Она медленно улыбнулась и пригубила свой совиньон.
– Ты разве не читал записки? Мне нужен твой совет.
Он посмотрел ей в глаза – не менее откровенно, чем она. С тщательно отработанной беспечностью, демонстрировавшей уверенность в себе и в своей неотразимости, Ди откинулась на спинку кресла. Как бы невзначай ей удалось принять такую позу, которая позволяла партнеру вполне оценить ее несравненные достоинства.
Гладкая кожа светилась молодостью и здоровьем, хотя даже в приглушенном освещении ресторана трудно было не разглядеть едва заметные морщинки возле глаз и губ. Зато золотистая головка оставалась безупречной: ни одного седого волоска.
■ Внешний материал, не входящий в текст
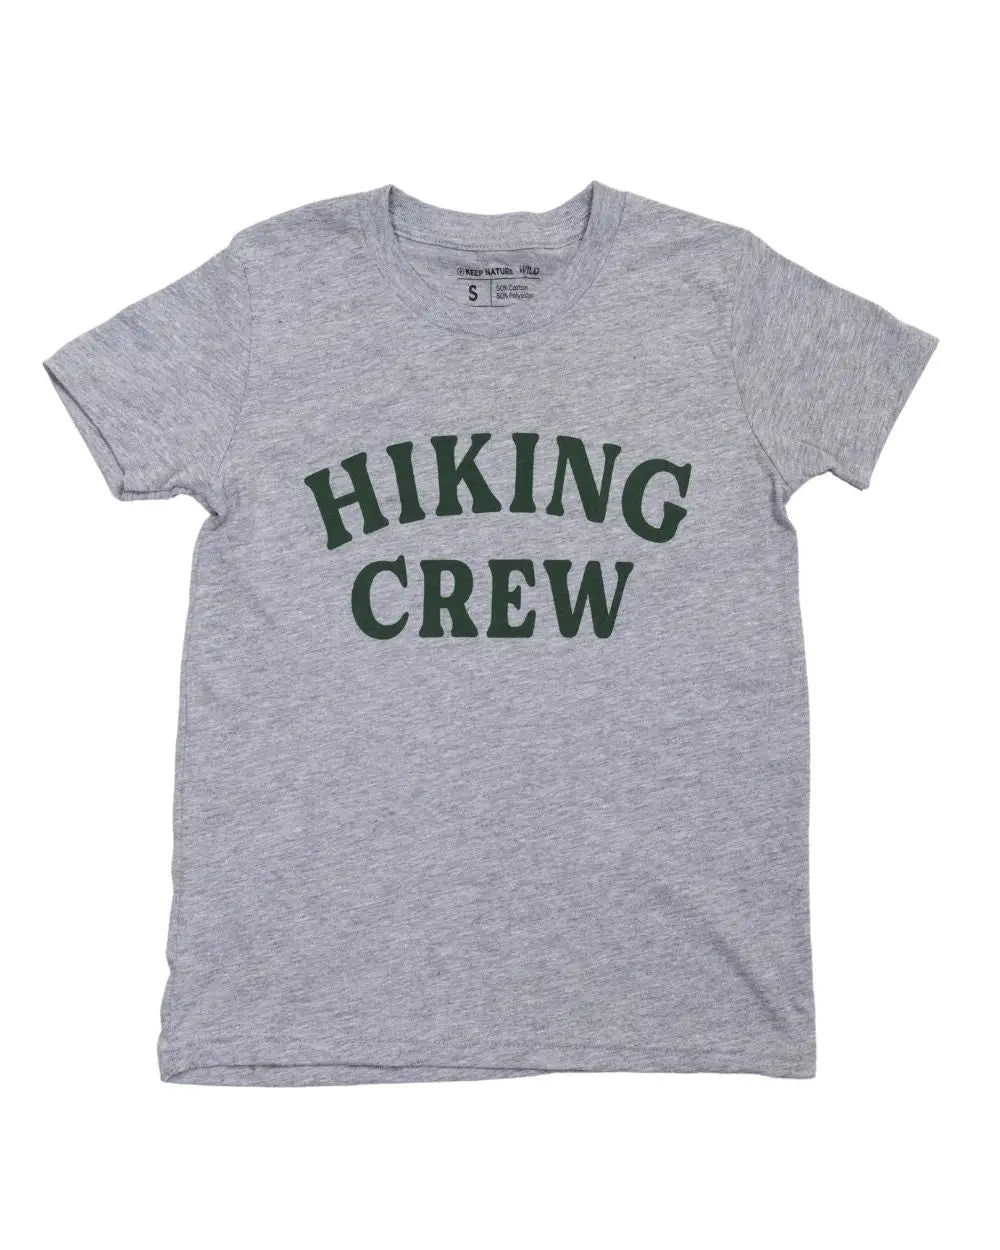 Hiking Crew - Youth Tee

А тугой пышной груди и стройной фигуре позавидовала бы любая модель.
Она была прекрасна – живое воплощение женского совершенства – особенно на взгляд тех парней, кого принято называть охотниками за приданым.
– Ты могла бы спросить и по телефону, – возразил Лукас.
– Мне не хотелось бы обсуждать такие вещи по телефону. – В ответ на его раздраженный взгляд Ди прокашлялась и даже чуть-чуть смутилась. – По-моему, кто-то старается… меня запугать. В прошлом тебе приходилось иметь дело с уголовниками. И я подумала, что ты мог бы разобраться, стоит мне принимать всерьез эти угрозы или нет.
– Что за странные игры? – Лукас старался не показать, как удивил его такой поворот.
– Да при чем тут игры? Зачем мне… – Ди умолкла, осененная неожиданной догадкой. – По-твоему, я нарочно сочинила какую-то дурацкую сказку, чтобы затащить тебя сюда, разжалобить и соблазнить?
– Честно говоря, это приходило мне в голову.
– Поверь мне, дорогой, я не собиралась тебя соблазнять – ты и сам скоро это поймешь. На мне и так достаточно грехов.
Лукас не выдержал и улыбнулся. Ди Стенхоп еще больше удивила его, покраснев в ответ. За все время их знакомства это был первый намек на искренность.
– Это не смешно! Вот, прочти! – Она вытащила из дамской сумочки два сложенных листка бумаги и протянула Лукасу. – Их нашел у меня под дверью секретарь в офисе Милуоки.
Лукас развернул первую страницу и прищурился, всматриваясь в ровные строчки, отпечатанные на лазерном принтере.
«Тук-тук.
Кто там?
Я есть.
Кто ты?
Я там есть!»
– «Я там есть». – Он посмотрел на Ди. – Ничего не понимаю.
– В отличие от того, кто это писал, – ответила она, сделав большой глоток вина. – Теперь читай вторую. Она еще интереснее.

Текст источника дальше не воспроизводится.